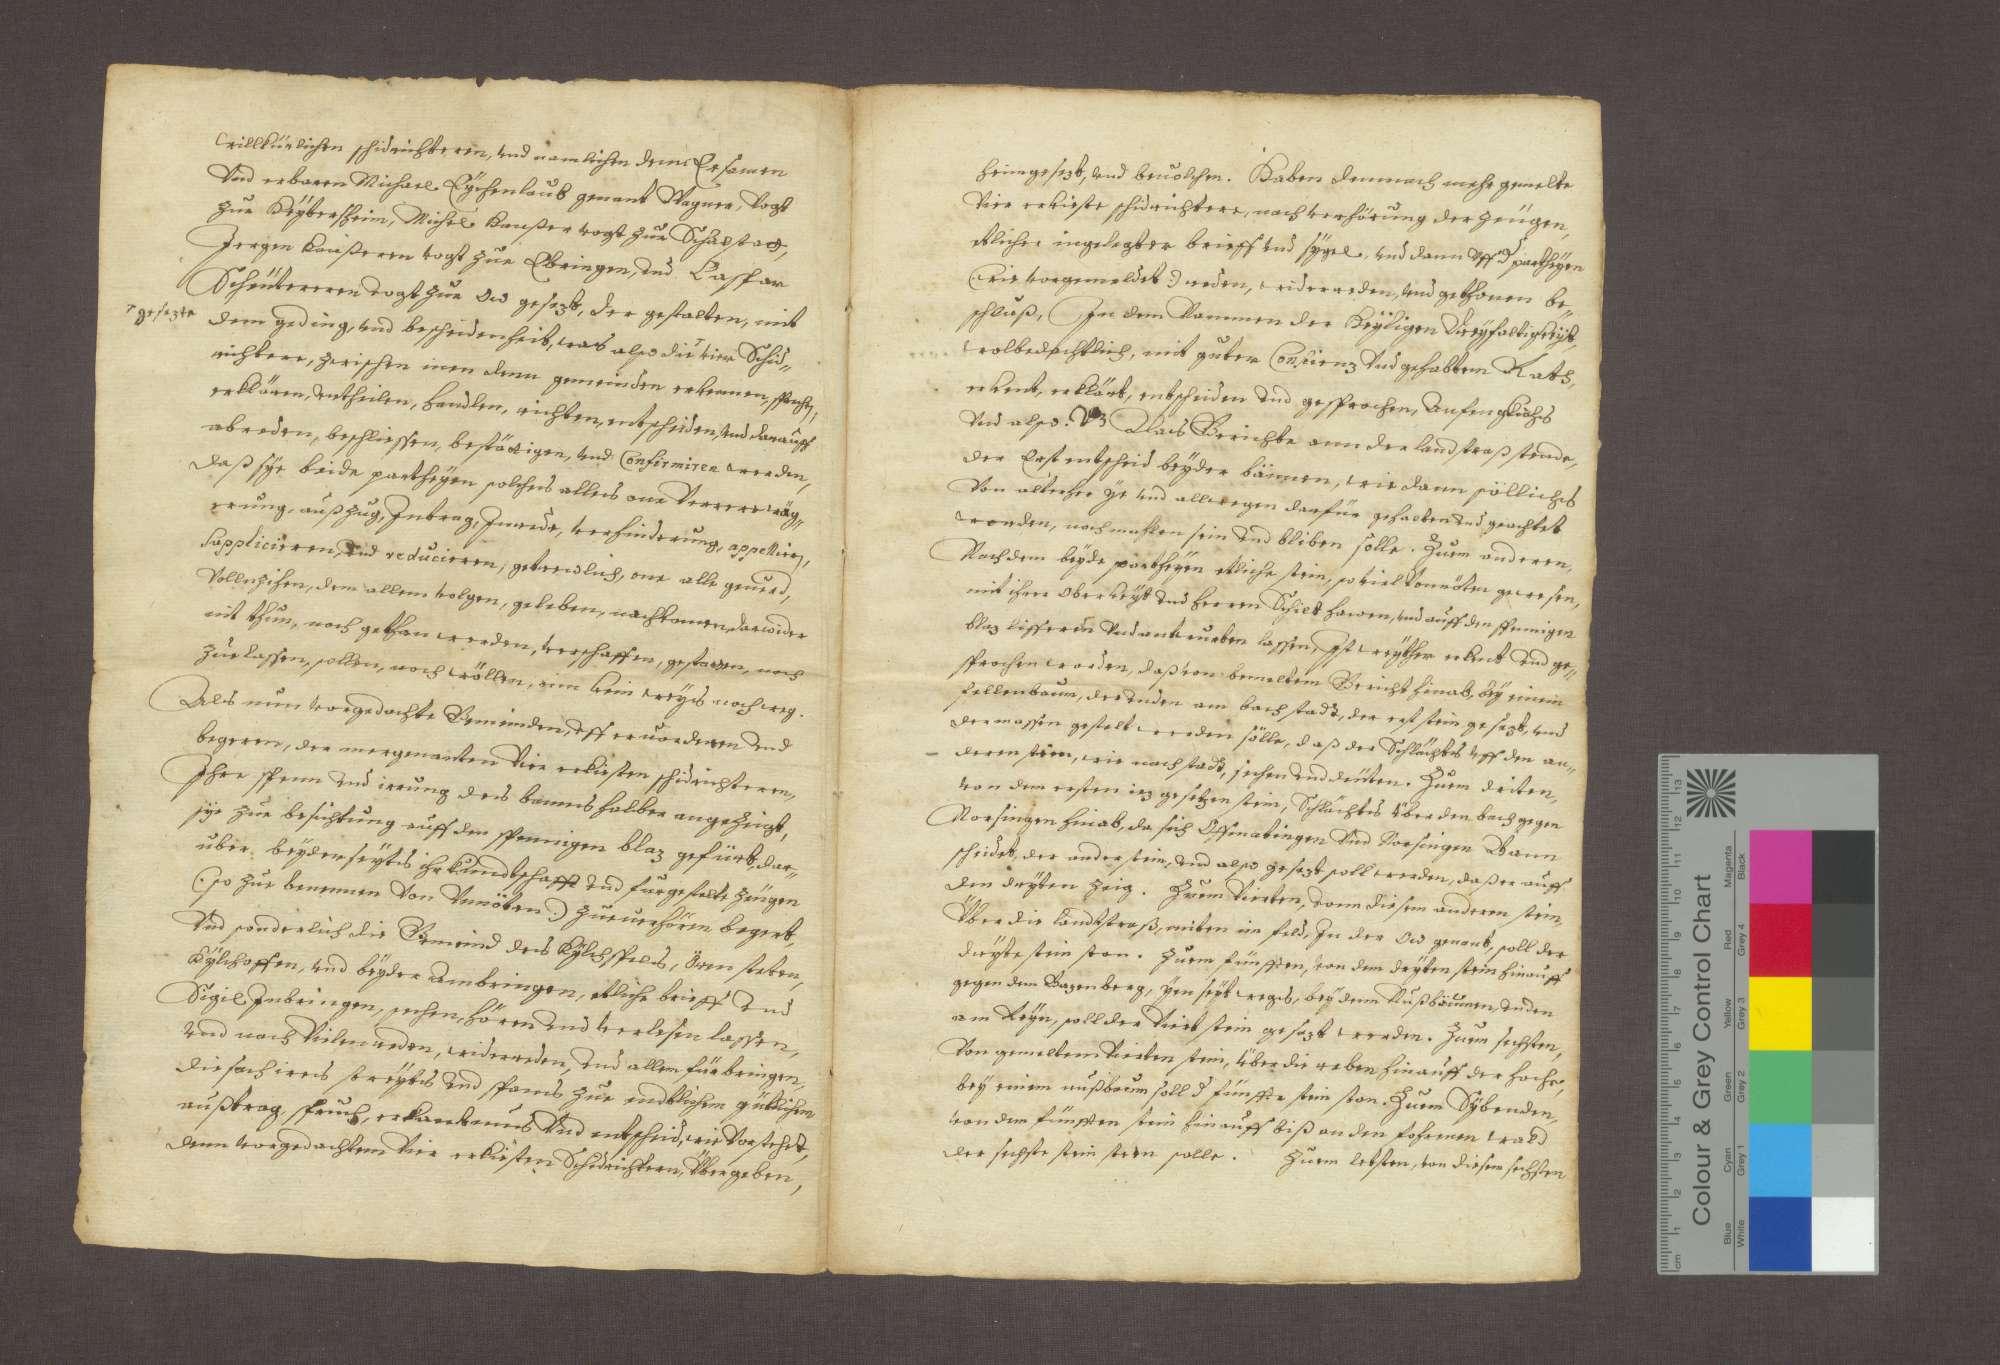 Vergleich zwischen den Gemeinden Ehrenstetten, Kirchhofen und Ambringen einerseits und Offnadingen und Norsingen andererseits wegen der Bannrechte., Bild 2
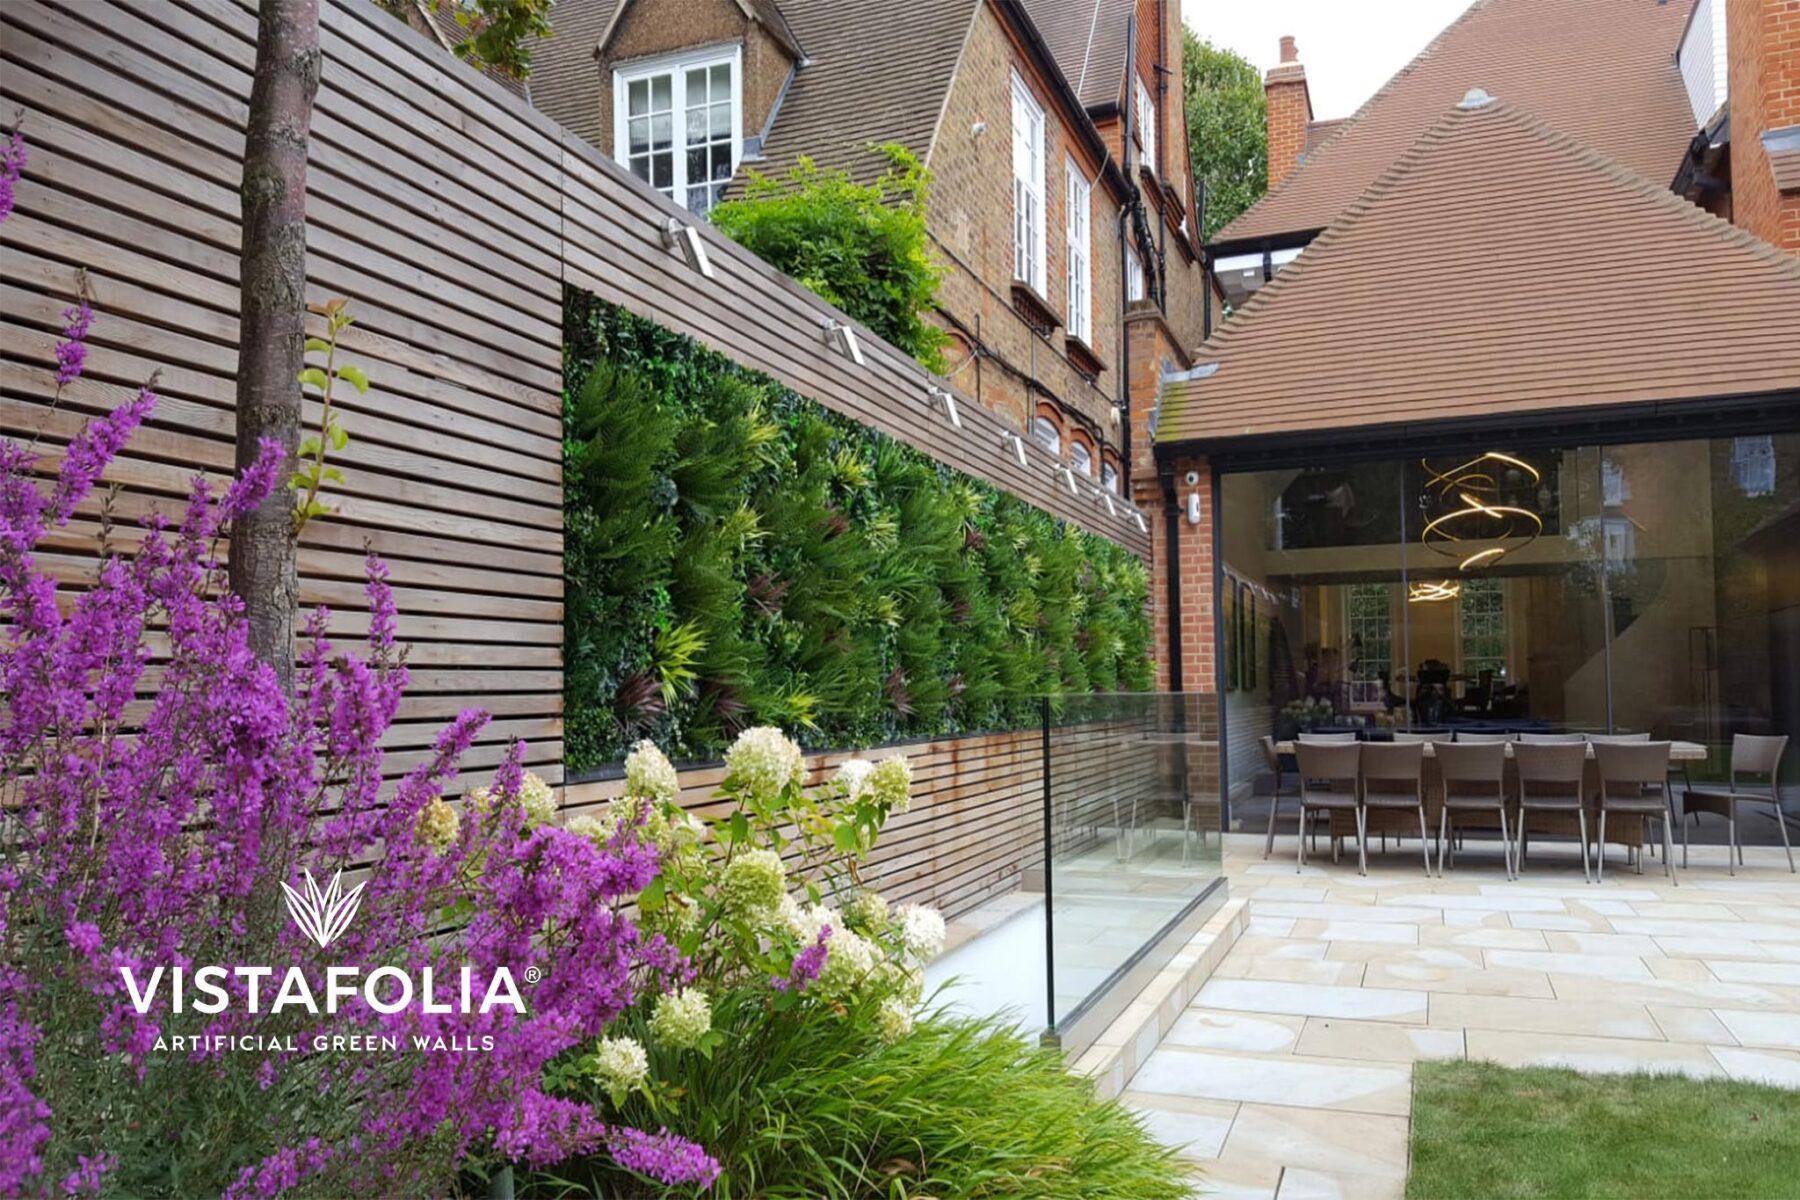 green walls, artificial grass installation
------------------------------------------------
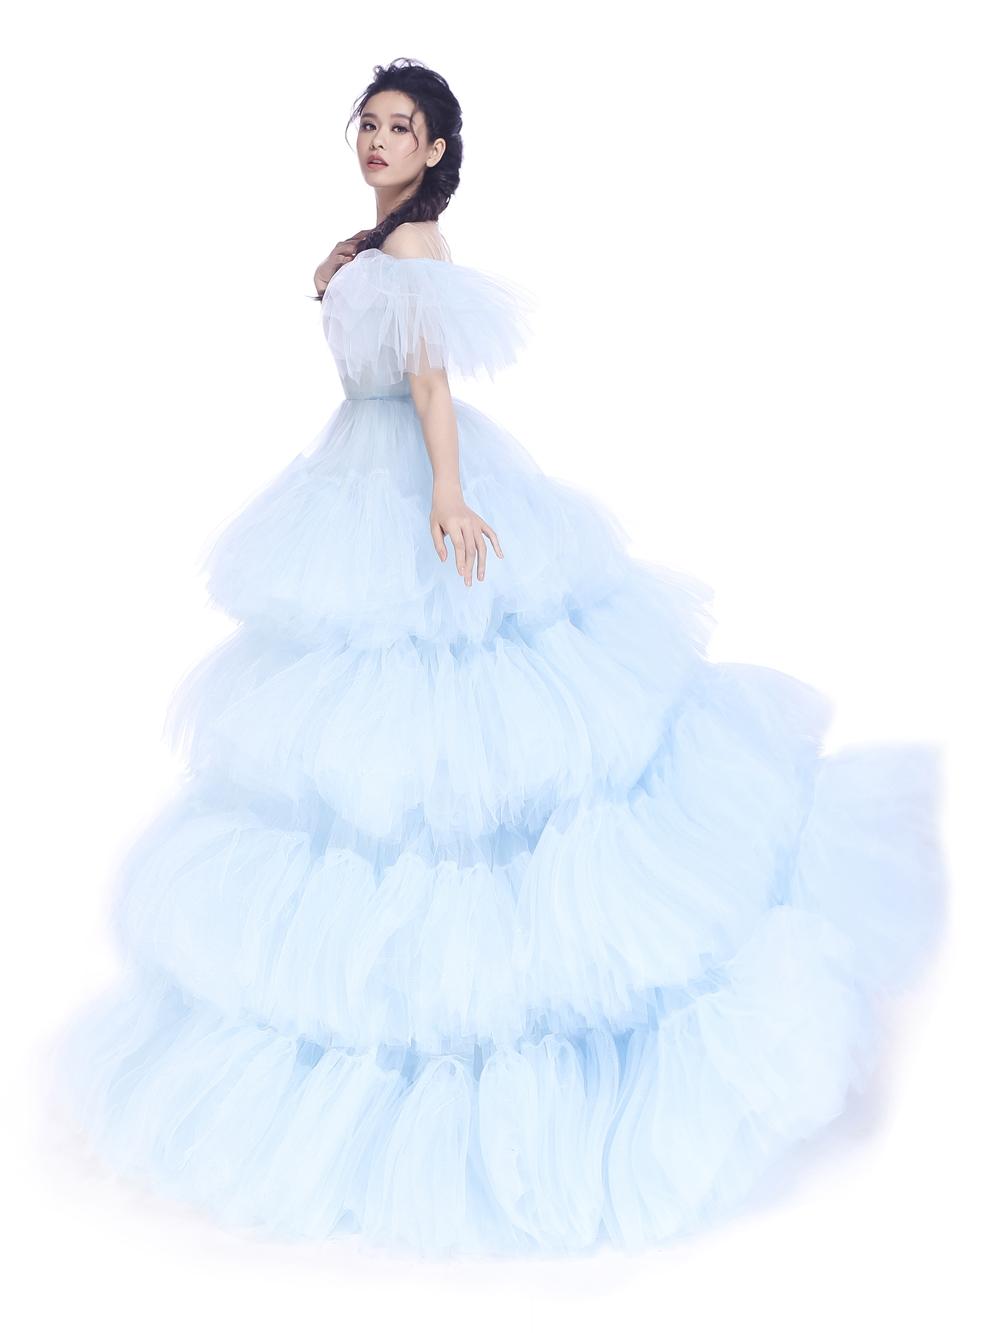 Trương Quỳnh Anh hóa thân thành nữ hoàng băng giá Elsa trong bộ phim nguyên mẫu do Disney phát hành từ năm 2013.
------------------------------------------------
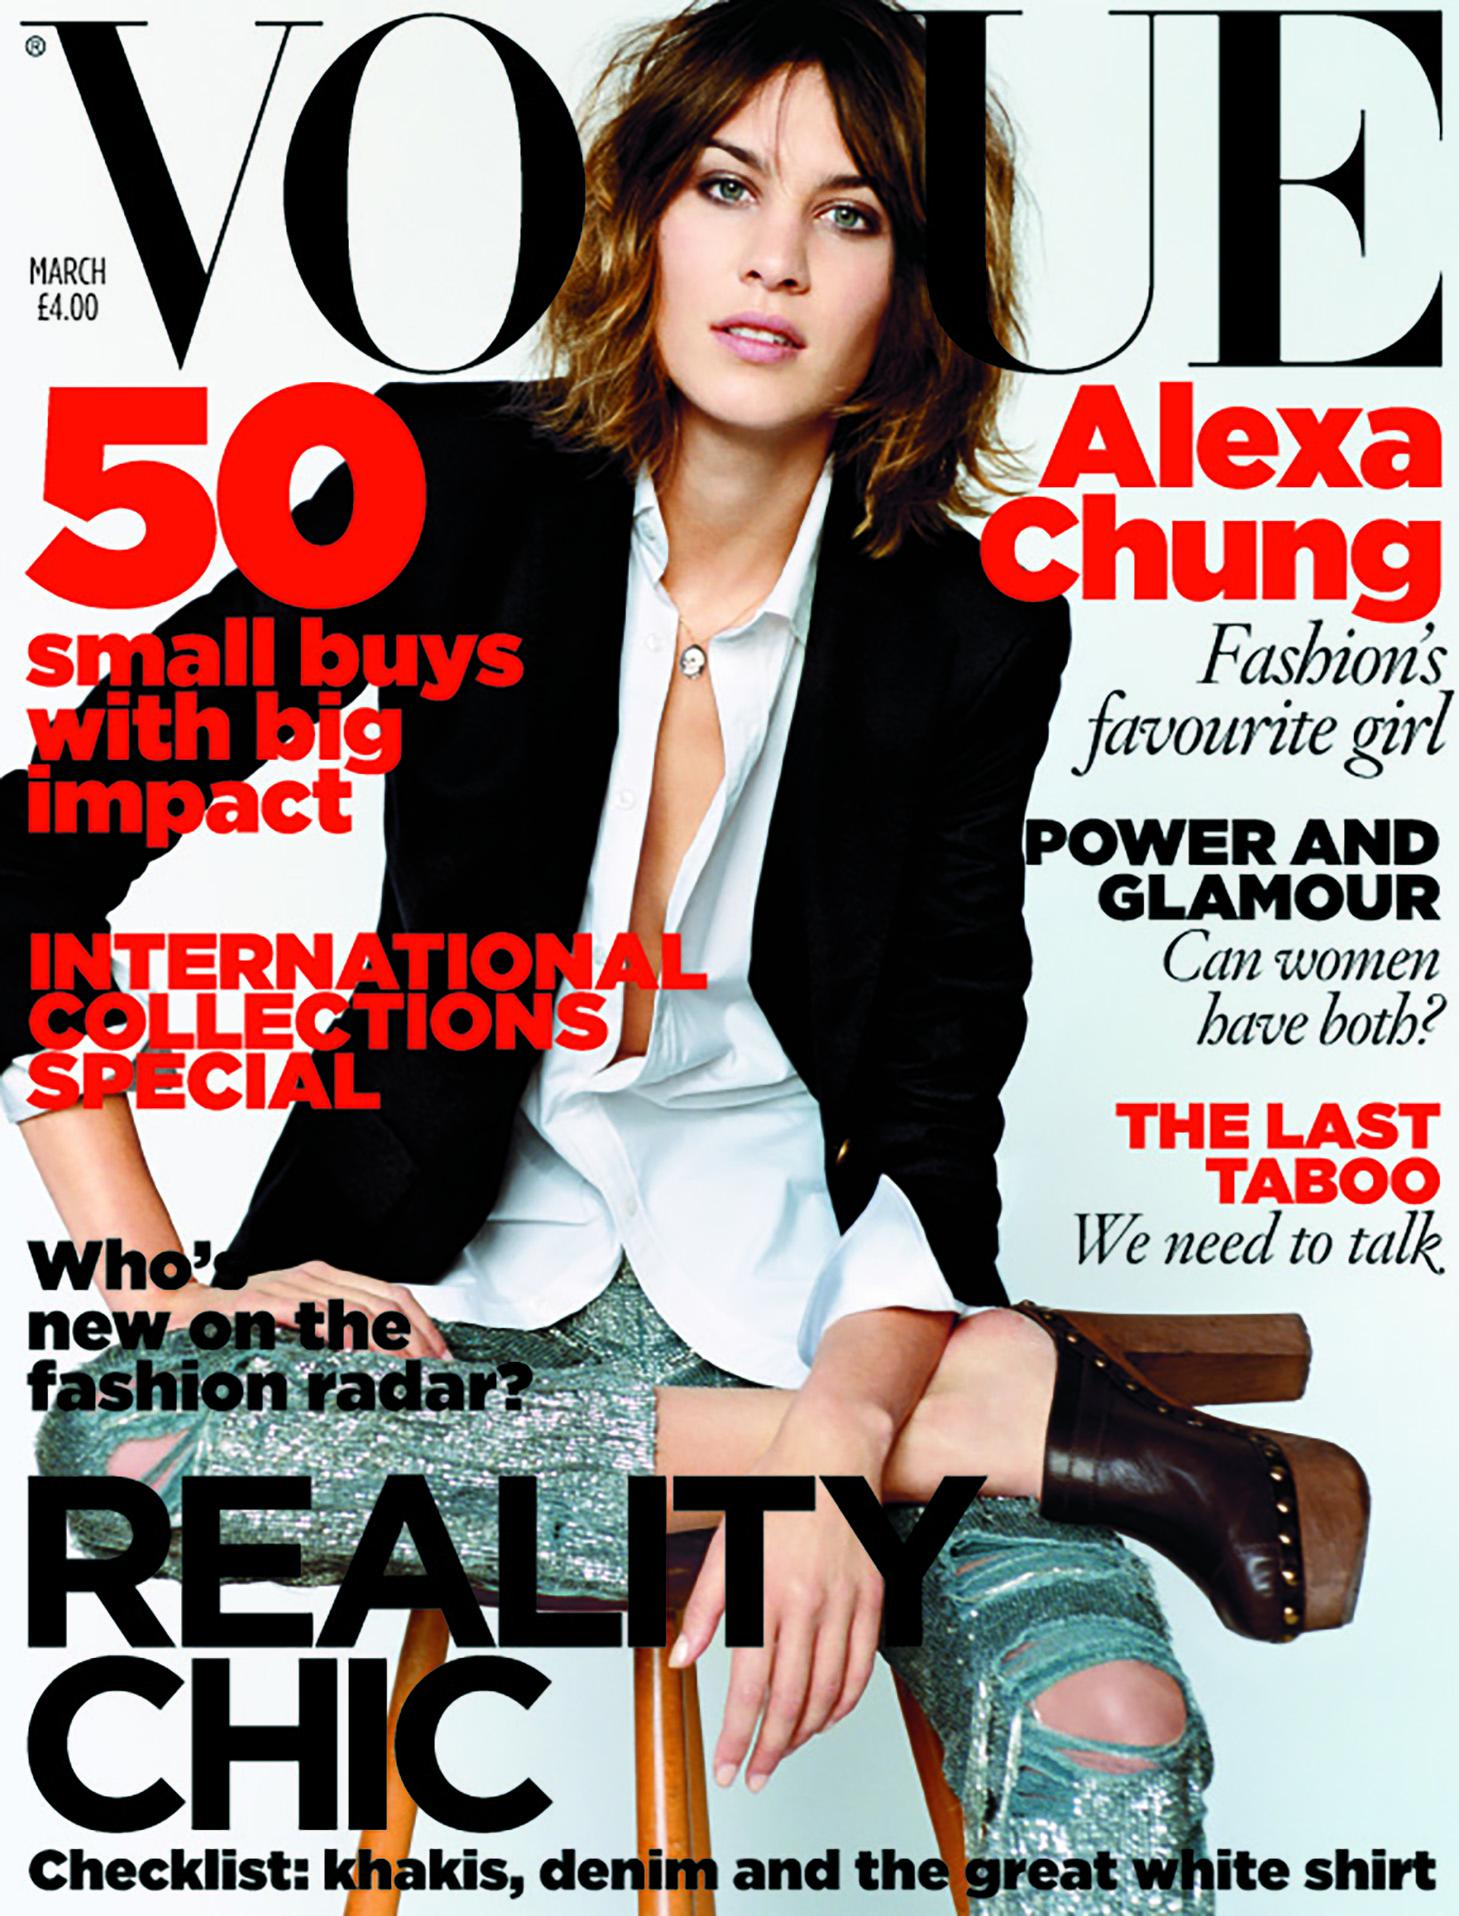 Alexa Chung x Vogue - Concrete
------------------------------------------------
*WHAT YOU NEED TO DO*
From the listing above, restate verbatim the lines running from the one with "Vergleich zwischen den" through the one with "green walls, artificial grass installation", inclusive, but not the pictures.

*RESULT OF THIS EXERCISE*
 Vergleich zwischen den Gemeinden Ehrenstetten, Kirchhofen und Ambringen einerseits und Offnadingen und Norsingen andererseits wegen der Bannrechte., Bild 2
 green walls, artificial grass installation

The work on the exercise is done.